Avec la première goutte d’encre répandue sur le papier, j’avais trouvé ma voie.
Depuis mon enfance, je n’étais guère doué pour la parole, mais j’avais un talent instinctif pour l’écriture, pour ériger des forteresses de mots. Lorsque la plume se posait entre mes doigts, je n’étais plus limité à mon corps de chair ; je m’élevais, je déployais mes ailes parmi les mots, je reconstruisais ma patrie sur l’immense étendue de la pensée. En ce temps-là, je dessinais des caricatures : j’y glissais l’ironie, je cachais la vérité dans des lignes simples mais pénétrantes. Peu à peu, je compris que l’écriture était la seule voie pour crier ce qui brûlait en moi. Mes mots prirent vie, mes articles se formèrent, et ma plume s’orienta vers un but plus grand. Je n’écrivais plus pour le loisir, je n’écrivais plus seulement pour exprimer mes sentiments : ma plume devint une arme entre mes mains, un outil pour défendre ce qui fait de l’Iran, l’Iran : sa culture, sa langue, son identité.
J’appris alors que le journalisme et l’écriture ne sont pas seulement un métier, mais une insurrection. Une insurrection contre l’oubli, contre la falsification, contre le déni de l’identité. Et moi, sans le savoir, j’avais emprunté une voie dont on ne revient pas.
Mais cet amour, cette mission, ne m’ont pas protégé du destin de mon peuple.
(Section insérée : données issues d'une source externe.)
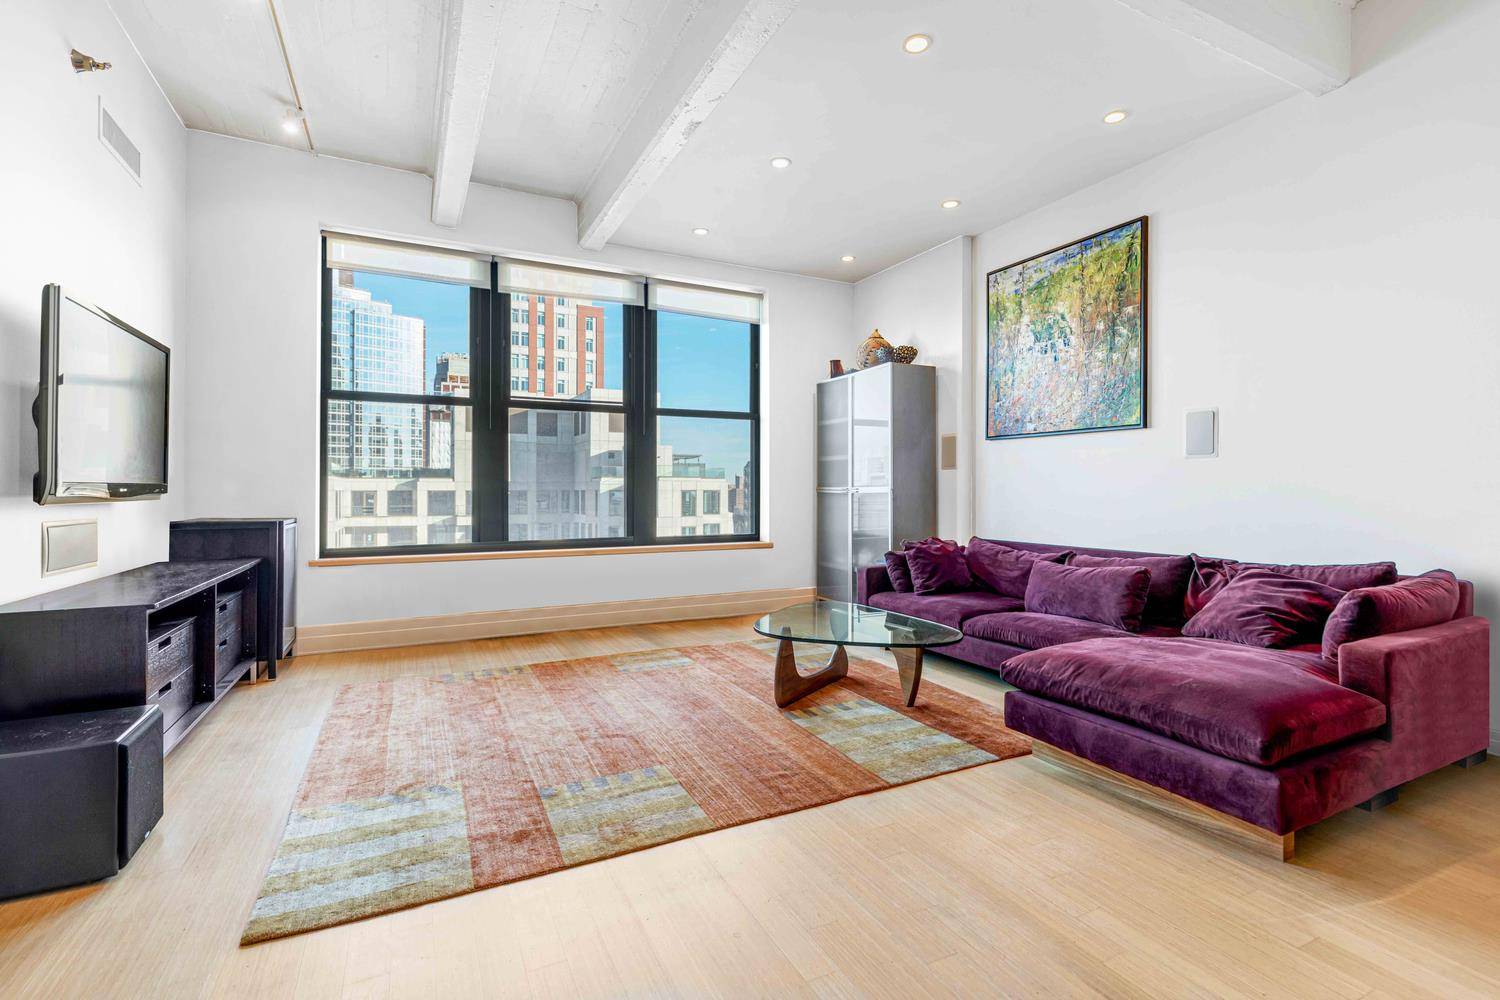 CHIC DUMBO LUXURY LOFT ! Perched up high, Residence 10A offers sleek loft style living in the heart of Dumbo.

Les vents de l’exil, les tempêtes d’un départ imposé, m’ont arraché à ma terre natale. J’ai dû quitter le sol de ma patrie avec mon corps privé d’âme, mais mes racines sont restées plantées dans ce sol, et jamais la terre n’a quitté mon cœur. Dans un pays dont la langue m’était étrangère, dans une contrée qui ne comprenait pas mes mots mais percevait mes idéaux, je me suis relevé.
Comment aurais-je pu céder ? Comment aurais-je pu abandonner ma culture, ma langue, mon honneur ?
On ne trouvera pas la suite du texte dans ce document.